Single Responsibility (or One Source of Change)
High-cohesion and low-coupling have a huge bearing on the idea of single responsibility. If client code is too tightly coupled to the subclass, you have to wonder if what it is dependent on in the subclass really belongs there. Maybe it belongs someplace else.
Did the dependency get added for one client or multiple clients? This is where I do differ from Bob a bit! There may be one principal client for a piece of code, but there can also be other clients.
My rule is: If the principal client or all the clients that use the code require the functionality, and the functionality is cohesive, then the functionality probably is where it belongs. But if it is not required by the principal client, or all the other clients, then it probably does not belong here.
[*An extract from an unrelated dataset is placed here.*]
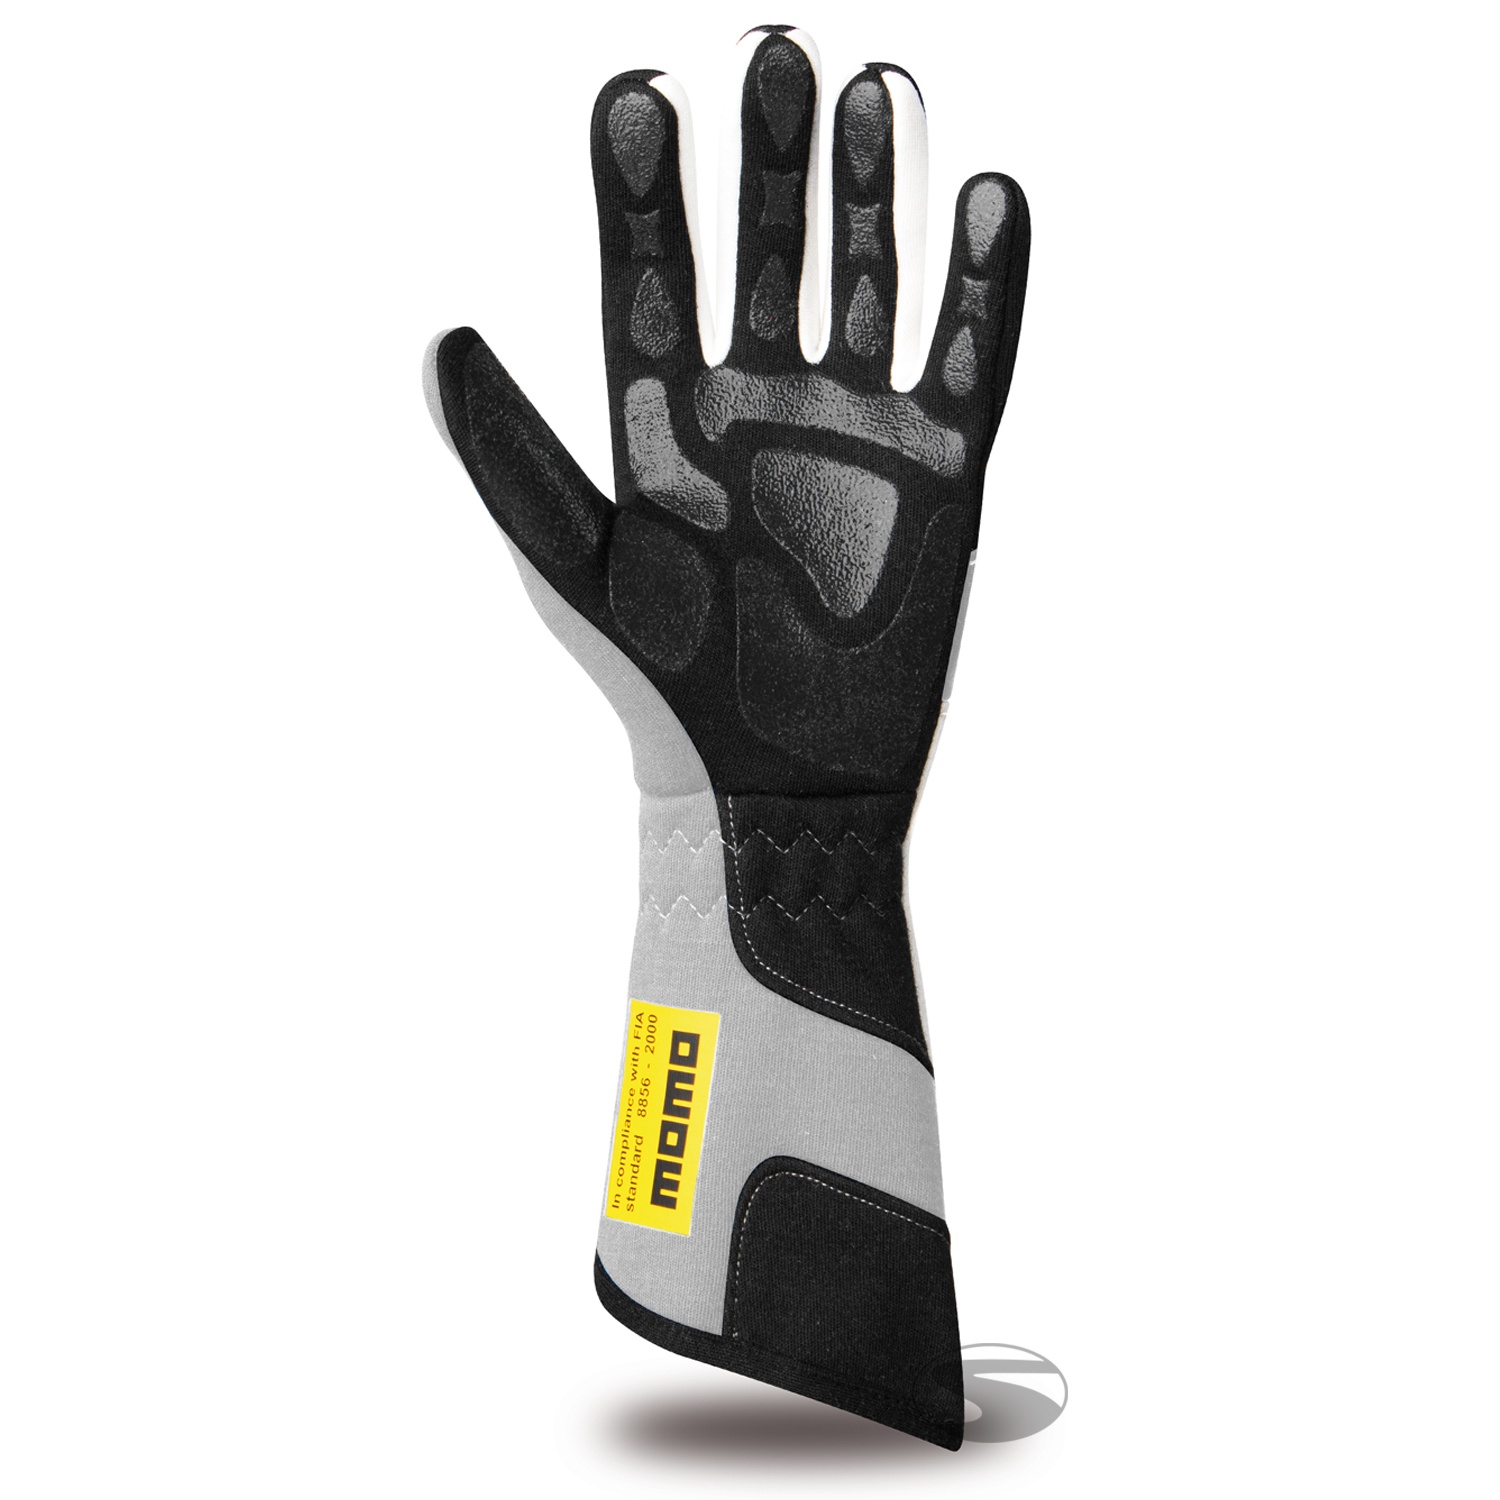 Momo Handschuh X-Treme Pro, grau/schwarz/weiß

Remember: the solution to most problems in OOP is to create another class!
Conclusion
My goal is to help you learn a simple rule that you can measure what you are coding against. The rule does not necessarily handle all aspects of the principle. Fundamentally, to me single responsibility means that anything at any level should be about managaging one thing, it should be cohesive. A program should be about managing one thing: a document, a shopping cart. A module, a method or function, even a statement should be focused doing one thing.
// C-language code
int x = 5;
int y = ++x / 2; // Violation: two things happening! x is incremented as well.
Uncle Bob said exactly the same thing in an interview once. That made me extremely happy, because this is what I was teaching successful programmers to do, and when a name was put to it I extended it to all levels because it fits! But I felt a bit guilty about appropriating it that way, until I heard Uncle Bob say it too.
If you want every last nuance about the prinicple, Uncle Bob can go on and on in multiple books and videos and opine that he named it wrong. Craig Larman’s book (Applying UML and Patterns) is over 700 pages long, lots to get into there. So if you want to debate the theory edge cases, awesome! We can do that another day.
I just need you to leave with something simple that covers 90% of what you need to know to write better code.